His eyes rolled up to the ceiling as though trying to fix the memory. ‘Weekend before last. Saturday night. We grabbed some food together before she went to work.’
Alex narrowed her eyes. What beautician worked on a Saturday night?
‘Work where?’
Ethan shrugged. ‘She was a waitress or something. Evening job to earn an extra bit of cash. She mentioned somewhere, but I can’t remember.’
‘You didn’t know where your own girlfriend worked?’
‘Look,’ Ethan said, raising his hands from
the table, ‘she wasn’t my girlfriend. We were just having a bit of fun, you know.’
Alex’s thoughts skipped momentarily to Rob and she felt a flush of shame at what she knew she’d been doing the past few months. She didn’t know what Rob believed was happening between them, but she was beginning to suspect whatever thoughts he’d had on the subject didn’t match hers.
Had Lola seen her relationship with Ethan as more than just a bit of fun?
What did Rob think was going to happen as a result of all the nights they’d spent together recently?
‘Where did you go?’ Alex asked, snapping herself away from distracting thoughts.
‘When?’
‘You said you went for food before she went to work. Where did you eat?’
‘Oh. Nando’s. The one in the shopping centre in Cardiff.’

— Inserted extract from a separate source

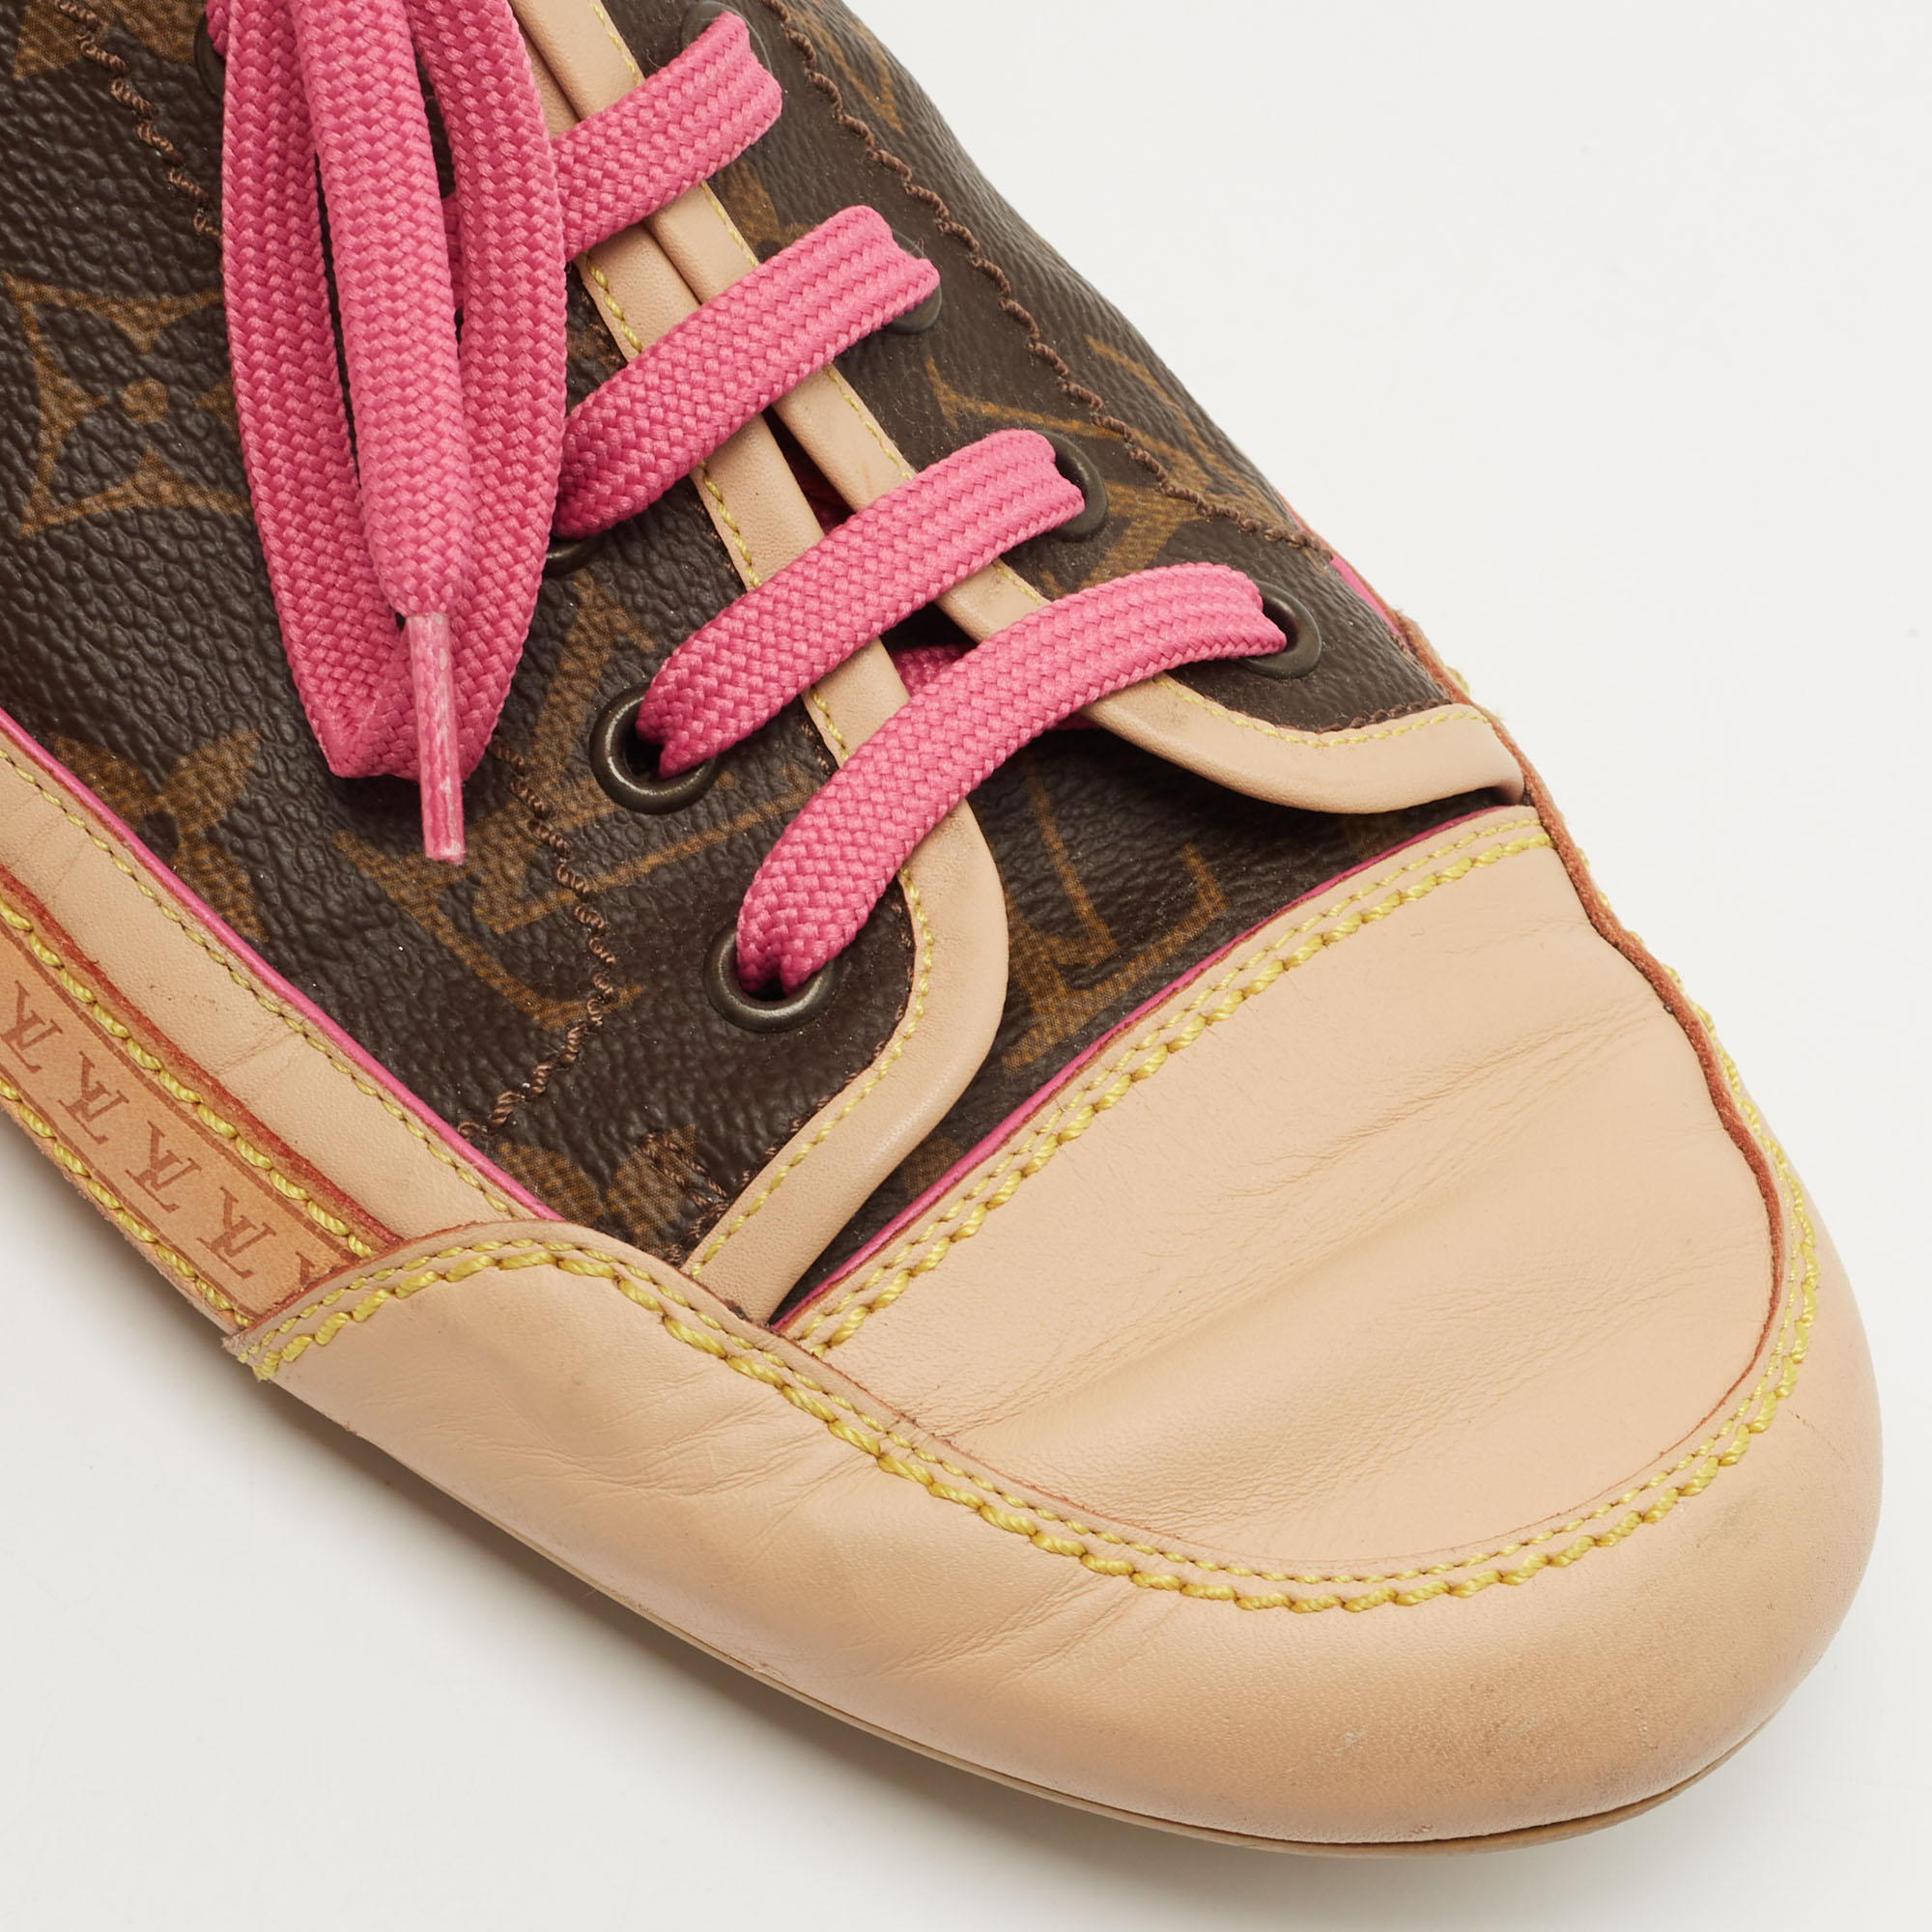 Louis Vuitton Brown Monogram Canvas and Leather Capucines Sneakers

Alex made a note of the place along with the date. ‘OK. If there’s anything else we’ll be in touch. Soon.’
Ethan gave her a nervous glance as he rose from his chair. ‘I am upset about it, you know,’ he said, as though trying to convince himself rather than Alex. ‘I just, I didn’t know her very long, you know? It’s really sad.’

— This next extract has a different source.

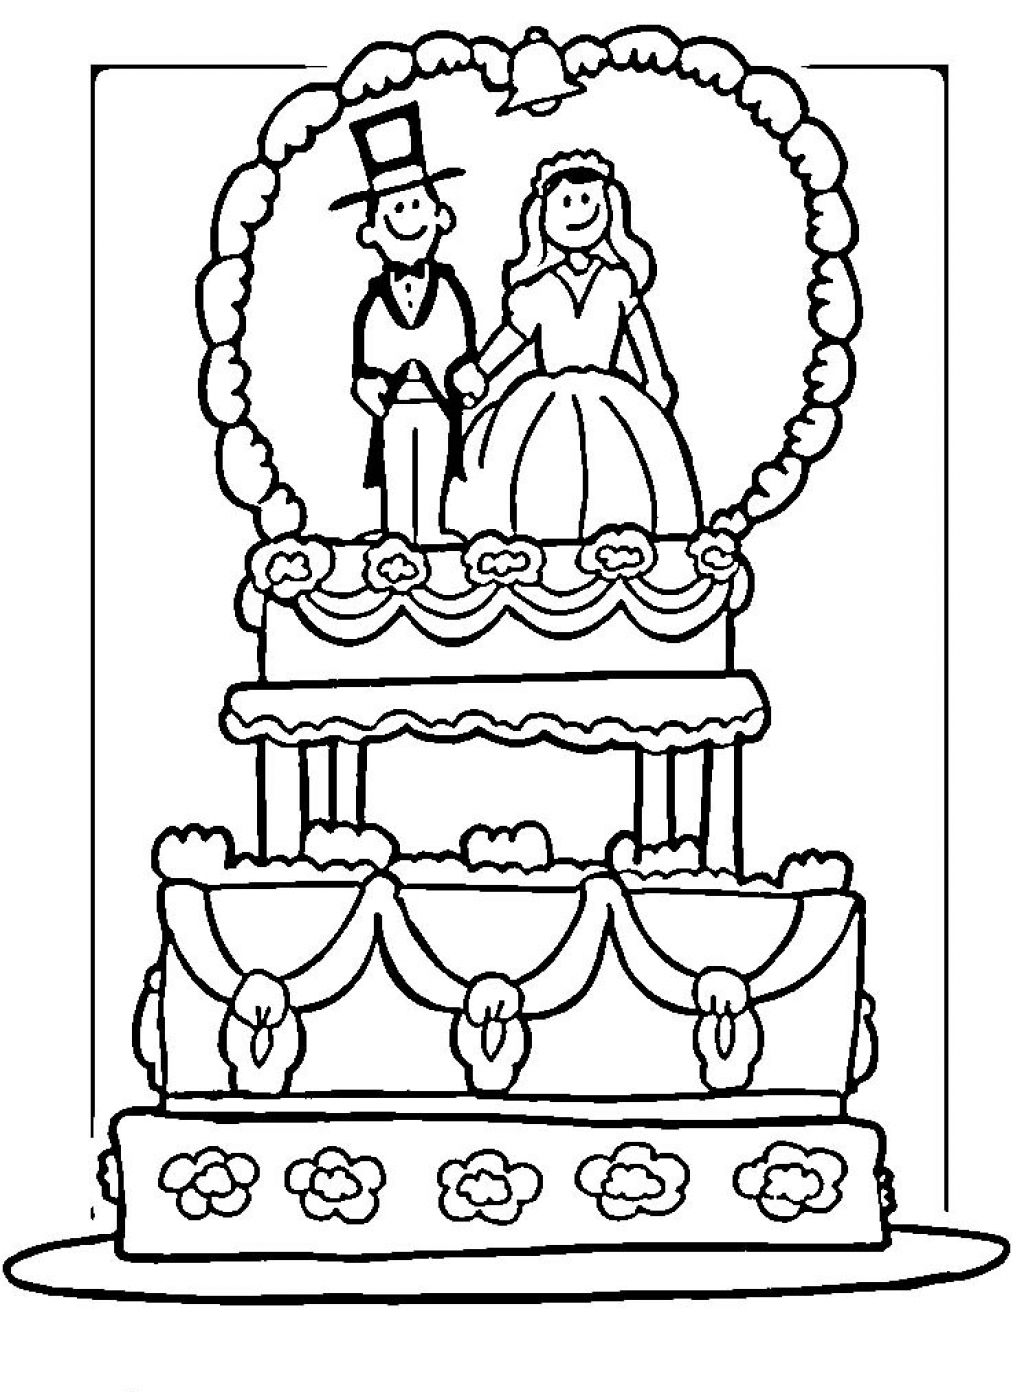 drawing-marriage-56017-holidays-and-special-occasions-printable-coloring-pages

It was the most insincere expression of sadness Alex had ever heard. They still had only a limited picture of Lola’s life, but had her confidence been at such a low ebb that she had seen nothing better for herself than gravitating towards young men such as Ethan Thompson? Alex knew very little of eating disorders or the psychological implications of such diseases, but the knowledge she had was enough to understand that Lola’s condition might have resulted in extremes, and this might also have impacted upon her trust in other people. She could have distanced herself from people, but the fact that she went home with Ethan on the evening she met him – coupled with a lifestyle that seemed to suggest she moved from place to place quite freely – implied the opposite was true, and that Lola might have trusted other people too easily.